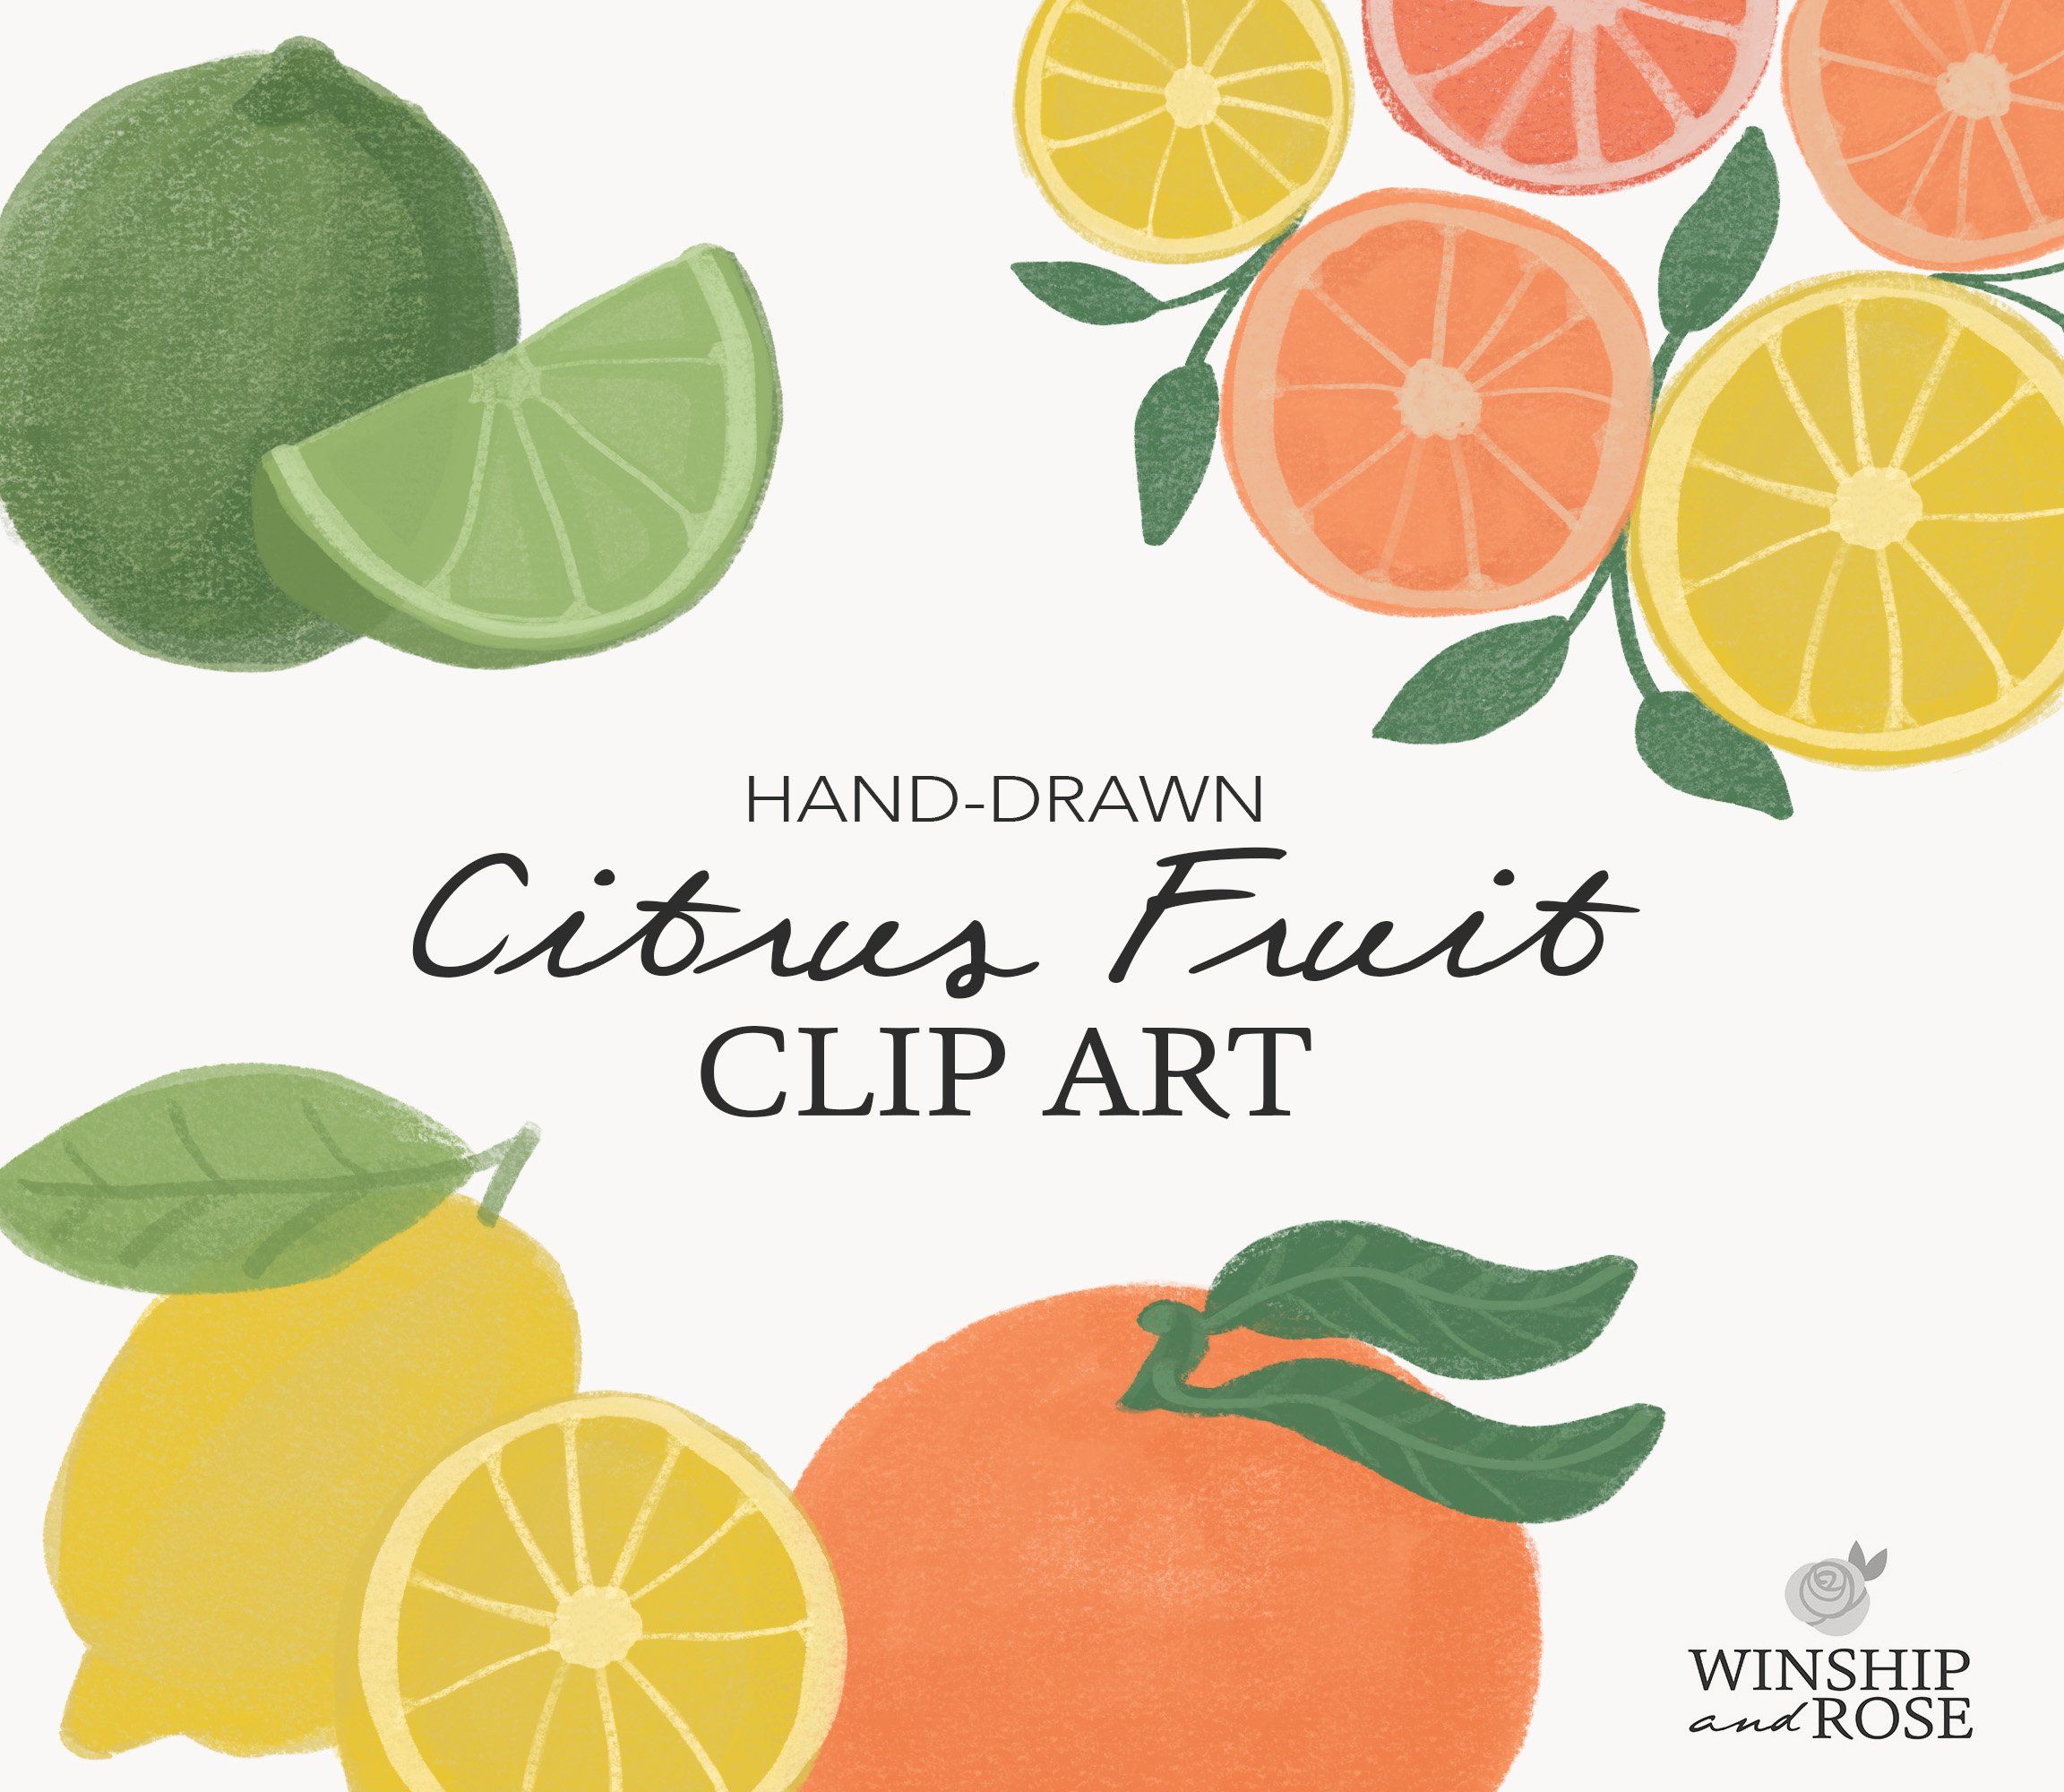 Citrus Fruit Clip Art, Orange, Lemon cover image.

* * *

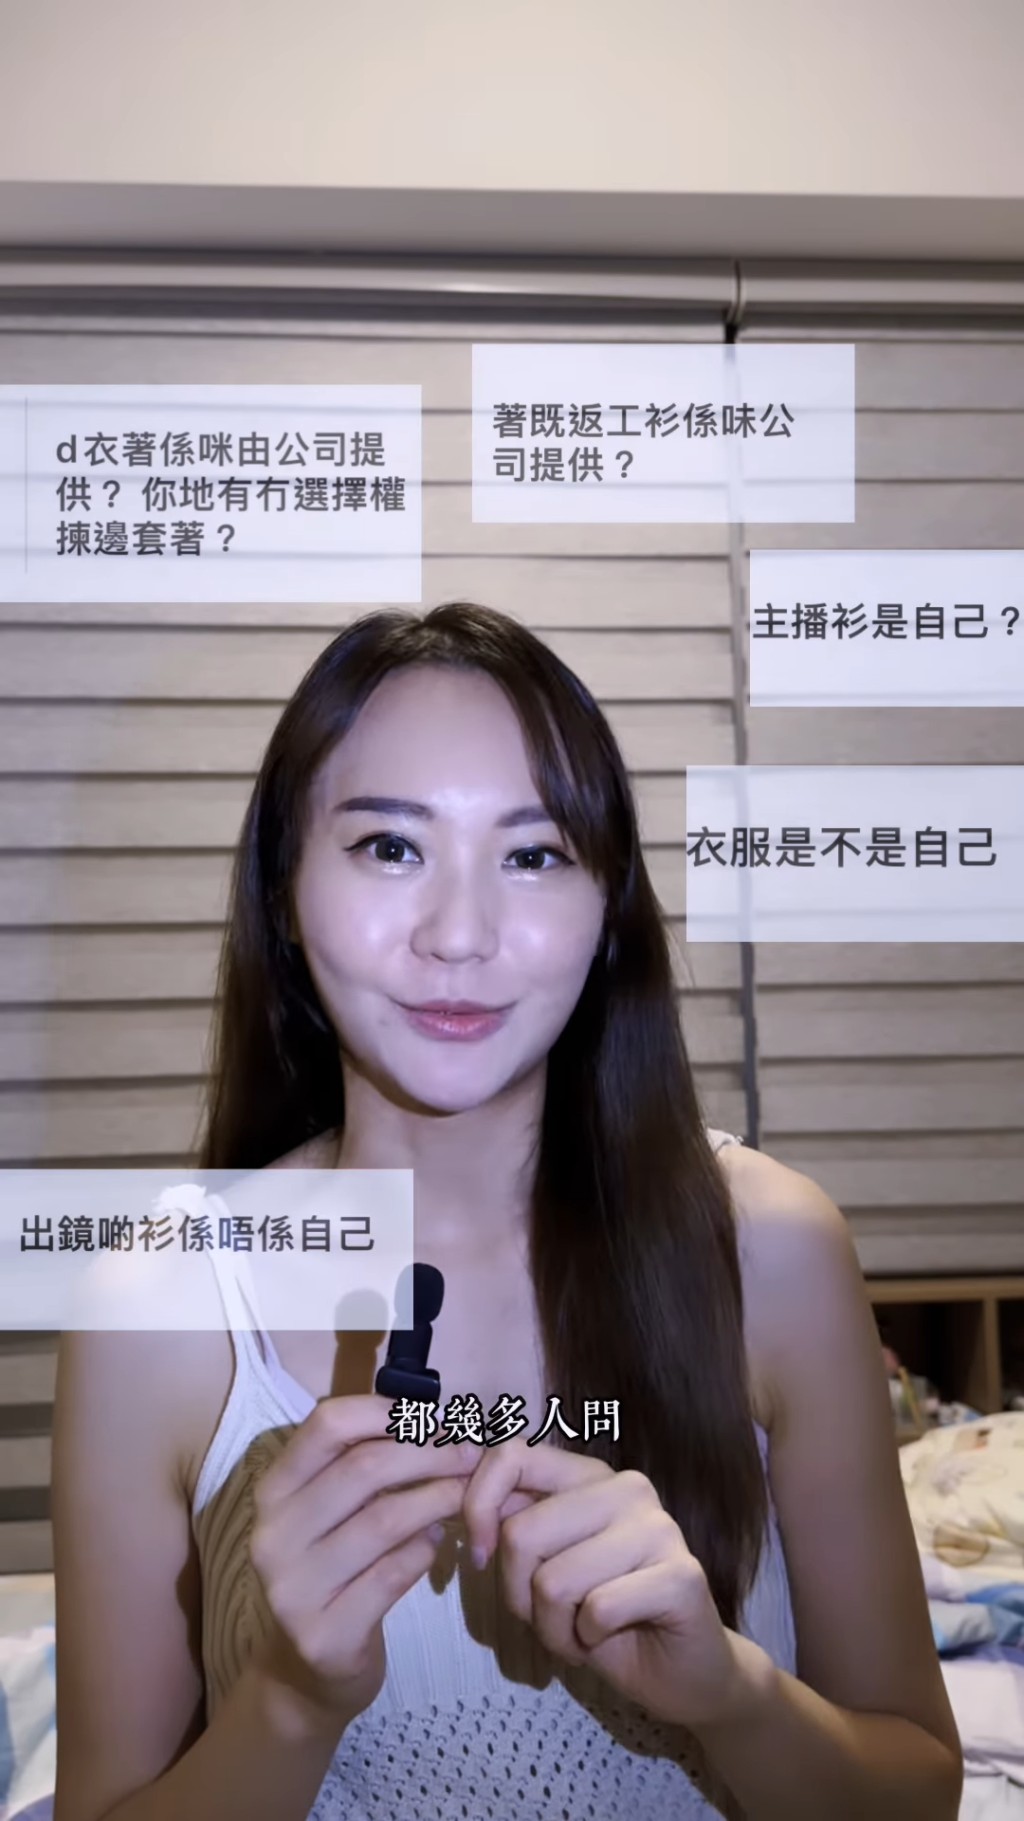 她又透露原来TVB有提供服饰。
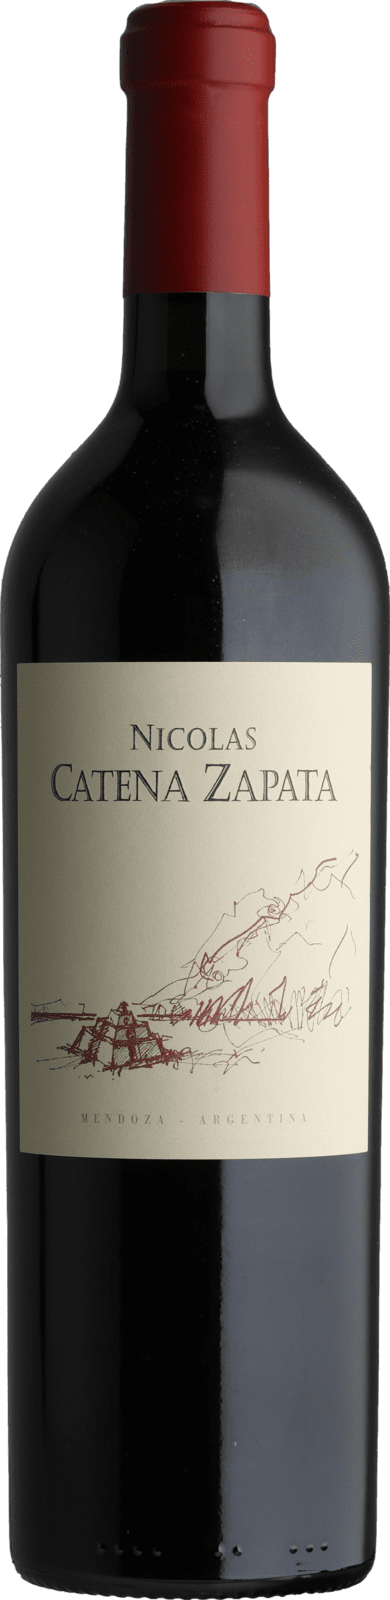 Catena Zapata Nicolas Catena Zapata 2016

To do
From the records above, write out exactly the lines that begin at the line with "她又透露原来TVB有提供服饰。" and end at the line with "Catena Zapata Nicolas Catena Zapata 2016". Pictures must not appear in the output.

Answer section
 她又透露原来TVB有提供服饰。
 Catena Zapata Nicolas Catena Zapata 2016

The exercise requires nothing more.